In another embodiment the classification step can be performed by reducing a multiclass problem to several binary classification problems as described in the following technical publication: Duan, Kai-Bo; and Keerthi, S. Sathiya (2005). “Which Is the Best Multiclass SVM Method? An Empirical Study”. Proceedings of the Sixth International Workshop on Multiple Classifier Systems. Lecture Notes in Computer Science 3541: 278. Binary classification classifies instances into two classes. An approach of reducing multiclass problem to several binary ones includes performing for each class/category a “one-vs-all” binary classification. For example, an unseen document can be compared to one category and to all of the remaining categories as the second class. In one embodiment, the binary classification can be based on constructing hyperplanes, such as the hyperplanes described in the following technical publication: Cortes, Corinna; and Vapnik, Vladimir N.; “Support-Vector Networks”, Machine Learning, 20, 1995 and U.S. Pat. No. 5,950,146. In one embodiment, classifier construction includes representing, with the above described techniques, all documents as vectors. Training documents are represented as follows {(x,y): yε{−1,1}}, where −1 and 1 are the labels of the first and the second class respectively. Then, a hyperplane w·x−b=0 separating training documents with y=1 from those with y=−1, is constructed, so that the margin is maximal. Thus, the space is divided into two subspaces by the hyperplanes. For an unseen document x, the binary decision is if the document is y=1 or y=−1 and is done as follows: sign(w·x−b).
FIG. 4 shows a flowchart of operations for assigning topics to documents in accordance with one embodiment. All the documents in a corpus are retrieved or crawled from a database or a network, such as the internet (401). As a result, a set of texts is obtained (402). A classification method is applied to the texts 402. In some embodiments the classification method uses the set 103 as a training set (403). Any existing classification method can be applied to classify the documents. As a result of the classification, documents are labeled with topics (105).
Referring back to FIG. 1, FIG. 2, and FIG. 4, when a corpus includes texts crawled from a network, obtaining a relatively balanced and representative set of texts 103 by the first crawling 201 can be a difficult task.
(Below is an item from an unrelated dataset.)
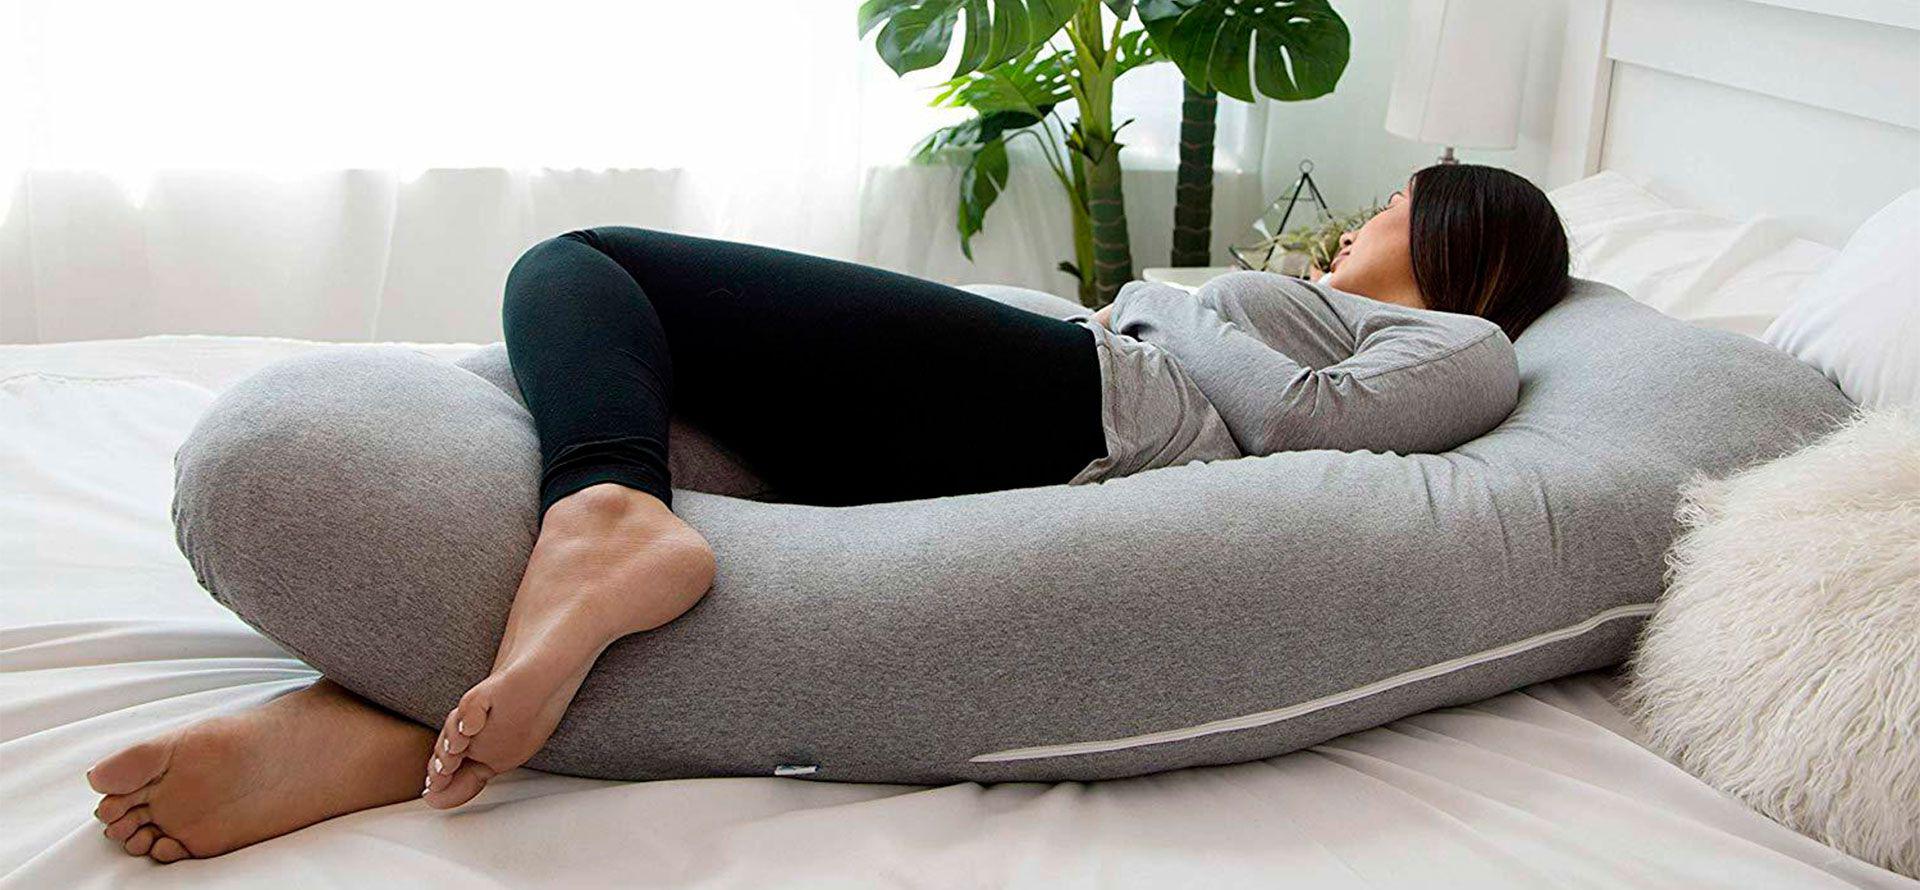 A woman sleeping with pregnancy pillow.

In some embodiments, the labeled texts 103 may not be representative enough to effectively train a classifier 403, e.g., the categories of the labeled texts 103 may not include all the categories needed for labeling the texts 402 obtained by a second crawling 401. To account for this, an method utilizing open class classification can be used. In an open class classifier, the set of labels that can be assigned is not limited to the set of labels of the training set. FIG. 5 shows a flowchart of operations for classifying documents using an open class topic classifier in accordance with one embodiment. In this case, classification 304 produces not only the texts with assigned labels 105 but texts that were not assigned a label 504. The texts that were not assigned a label are those texts for which there was no appropriate label among the labels from the training instances. These unassigned texts can then be clustered 505. The obtained clusters are labeled 506 as described above. As a result, all unseen texts 303 are assigned with labels.
The training set can be updated based upon the documents from the second crawl. In one example, the clustering of the corpus with the documents from the second crawl is used to create a new training set. In yet another example, a subset of the corpus and some documents from the second crawl are clustered to provide an updated training set.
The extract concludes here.